I know its hypothetical, but I am probing the philosophy to see its rigidity.
Something like Ghost in the Shell like? In using reason to probe the natural rights of humans, one usually starts by considering the natural environment. That is, one in which the individual exists in an environment free from external pressure and force; and from there you can derive the natural rights. What you are talking about is almost a merging of consciousness into maybe some super being. You start to get into differing philosophies at that point. Cassirer theorized that under such circumstance you would cease being human; thus human rights which are essentially what we talk about when talking of natural rights, would cease to apply.

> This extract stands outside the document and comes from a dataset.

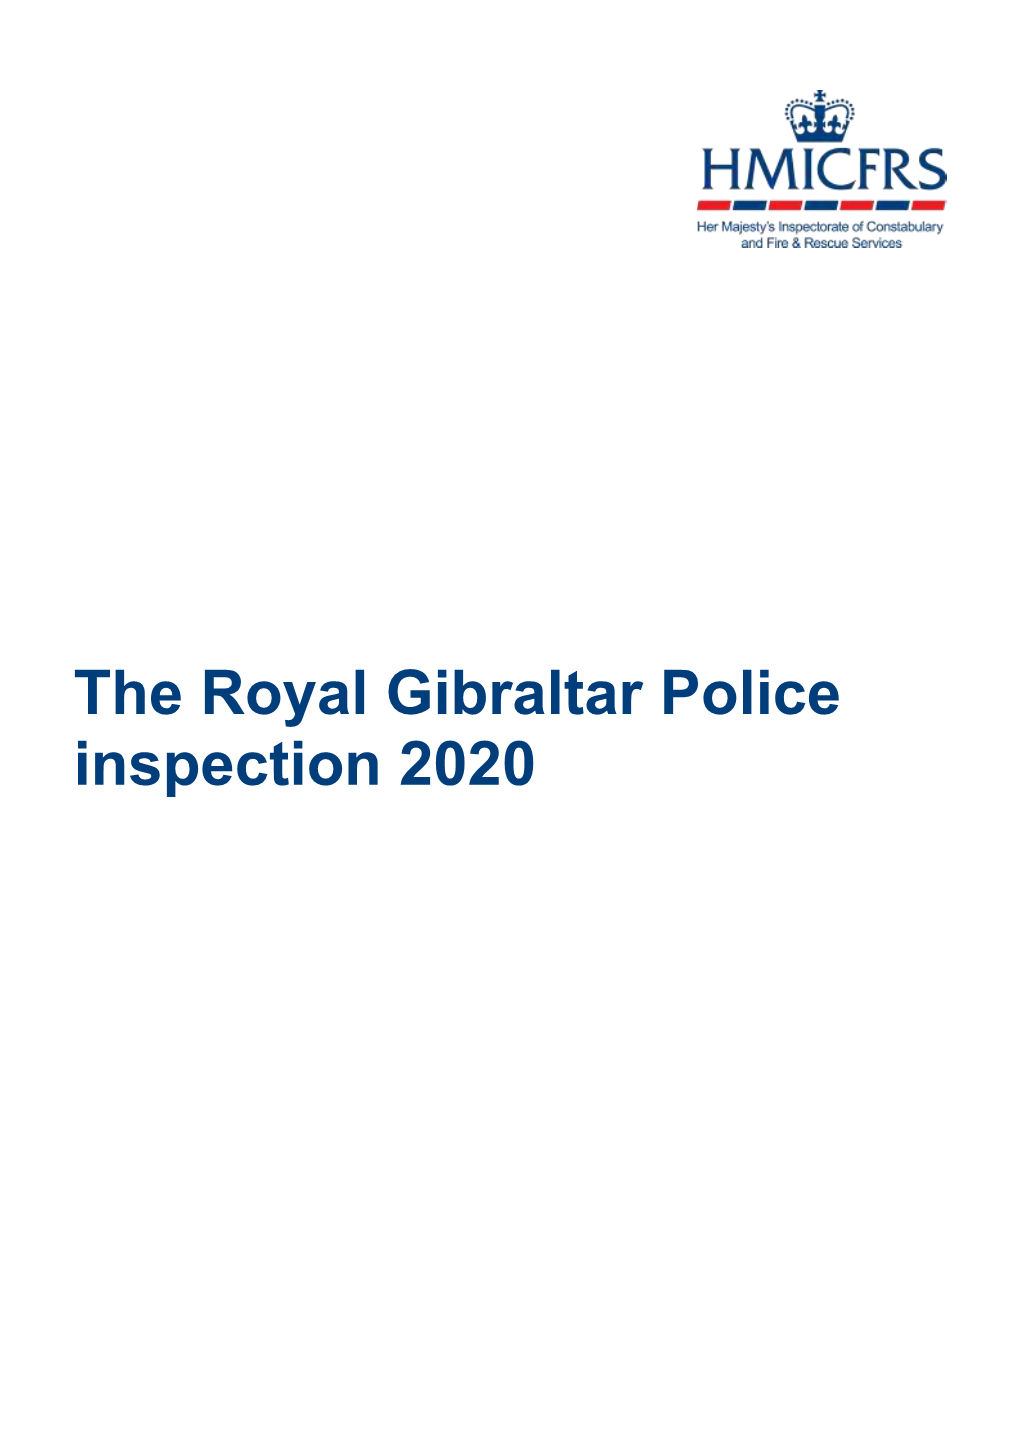 The Royal Gibraltar Police Inspection 2020

"There is, at least, one right that cannot be ceded or abandoned: the right to personality...They charged the great logician [Hobbes] with a contradiction in terms. If a man could give up his personality he would cease being a moral being. ... There is no pactum subjectionis, no act of submission by which man can give up the state of free agent and enslave himself. For by such an act of renunciation he would give up that very character which constitutes his nature and essence: he would lose his humanity." - Cassirer
Does that mean that the rights of the individual, such as life, liberty, and property cease to exist? It's an interesting consideration because under such a circumstance the "individual" ceases to exist and instead everyone is part of a greater consciousness. Perhaps that consciousness is given the rights and the pieces of the whole are considered just building blocks to that consciousness.
"The right to what is in essence inalienable is imprescriptible, since the act whereby I take possession of my personality, of my substantive essence, and make myself a responsible being, capable of possessing rights and with a moral and religious life, takes away from these characteristics of mine just that externality which alone made them capable of passing into the possession of someone else. When I have thus annulled their externality, I cannot lose them through lapse of time or from any other reason drawn from my prior consent or willingness to alienate them." - Hegel
If you're really serious about wanting to learn more about natural rights and the philosophy behind them, I'd suggest picking up some works by Hobbes, Locke, or Paine.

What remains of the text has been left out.